Left to Right
Capt Nicola Hemsworth RLC -2
Capt Will Young RA -1
Maj Arthur Purbrick RL 0
O/Cdt Hugo Ross-Wilson NUOTC 0
Nine teams gathered at RAF Cranwell in the soft May sunshine to take part in the first tournament of the season, the RAF Cranwell Polo Tournament over the 14th and 15th May 2022. The tournament has historically acted as an excellent starter to the season and sees many local clubs and service teams gather from -4 to 0 handicaps. It is always excellent fun, and it was certainly no different this year.
The Army team included Capt Nicola Hemsworth (RLC, exchange officer at RAF Cranwell), Capt Will Young (Ops Officer, 53 Bty, 5RA), OCdt Hugo Ross-Wilson (future RDG) and was captained by Maj Arthur Purbrick (RL, currently XO to RY). As always, the disparate nature of operations and exercises meant that the team only assembled the morning of the tournament for a hasty tactics talk, meet and greet the ponies, and pep-talk by Chairman APOLOA, Col Simon Ledger. The ground was in excellent condition and the ponies in fine form. The team went in strong, and had to battle hard against Rutland polo club. The two chukka match went by in a blur and concluded with a narrow win by Team Army.

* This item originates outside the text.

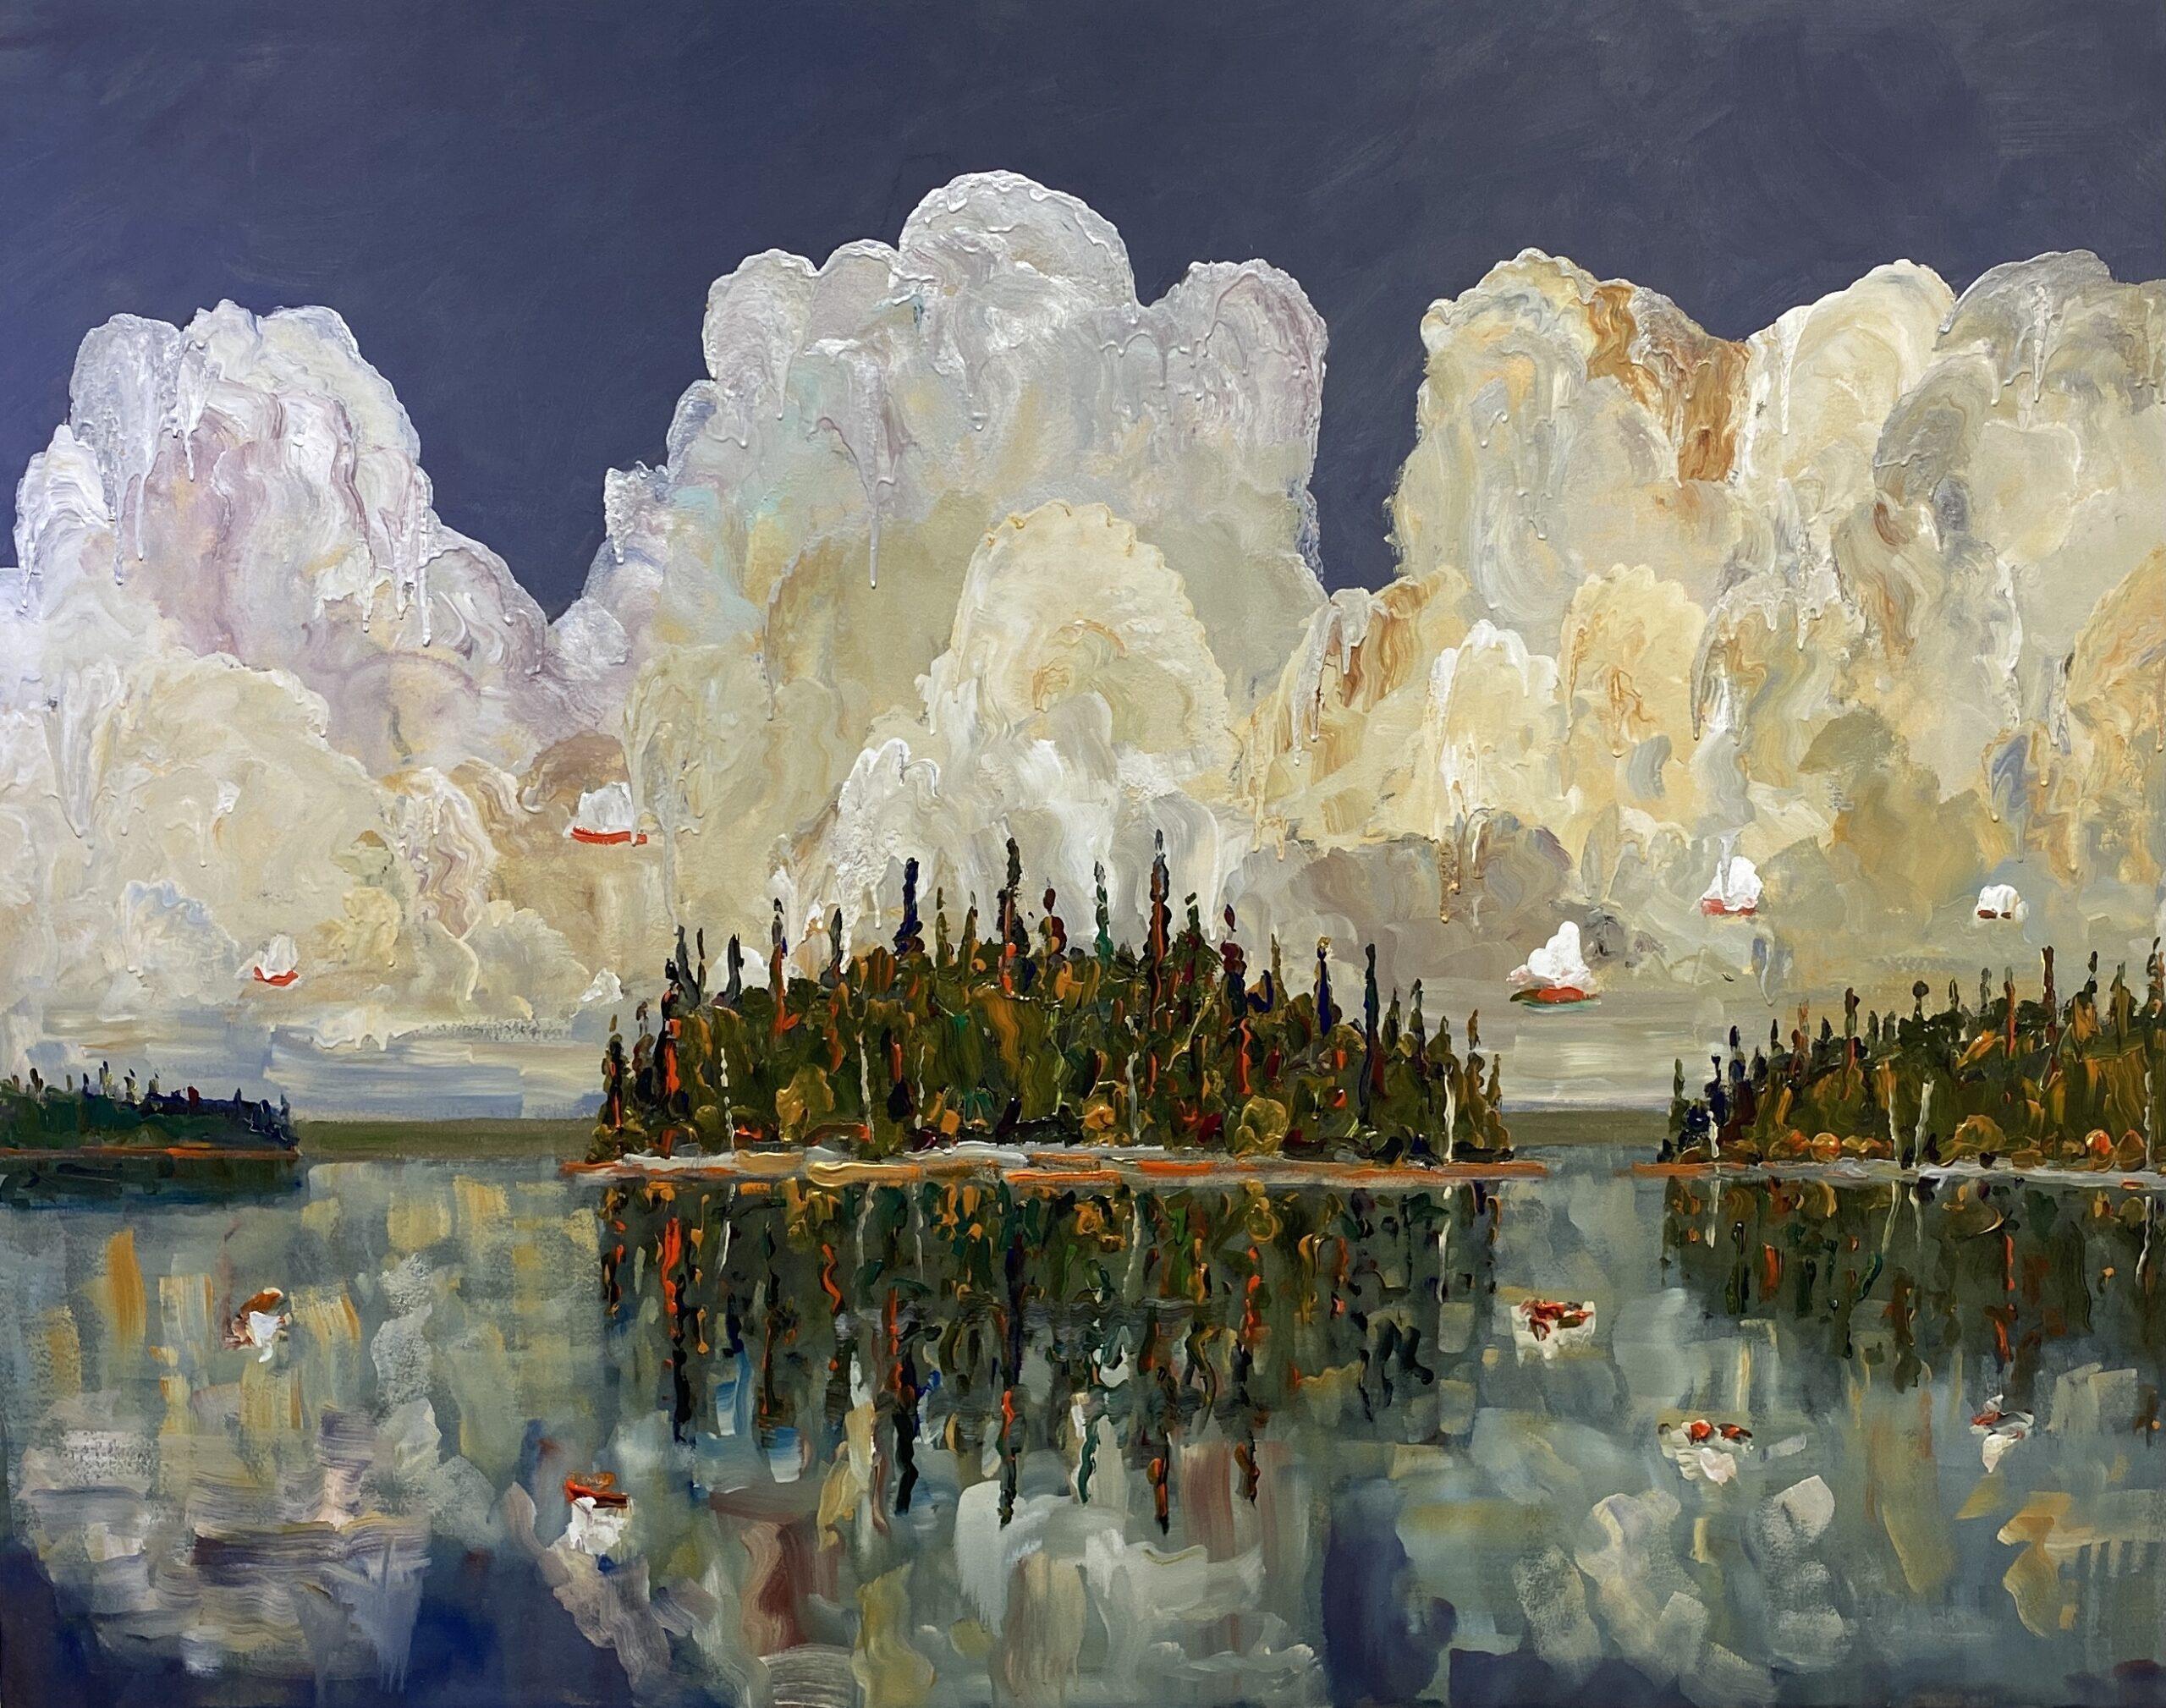 Meditation 2021 acrylic on canvas 56 1:2 x 76

With barely a breath drawn, the Cranwell team, captained by the illustrious David Black, came at the Army team with swords drawn. The game flowed well, and the players were well matched. However, despite their best efforts the Army team were beaten by a narrow margin. Both teams agreed it was an excellent game and both walked off with honour intact and the Army team into the competition for the Runners Up Trophy, the Centennial Cup.
Sunday dawned, and the Army team opened the days play vs. Leadenham. The game concluded with a scrappy but secure win by Team Army and they were into the finals for the runner up trophy against RAF Spitfires team. This was an extraordinary game with exceptional well paired players. The score concluded dramatically with a nil-nil. A tense penalty shoot out took place, only to result once again in a even score of 3-3! The rules are unclear on what should take place, so with such pressure the players moved the second shoot out to the 40 yard line. Again, a highly tense shootout, with a lot of what the cricket community may call ‘sledging’ (all in good humour), took place and the final winning penalty was taken rashly by Maj Purbrick at an erratic canter. With honour intact amongst all, both the RAF and the Army retired to the clubhouse, with the Centennial Cup proudly in hand.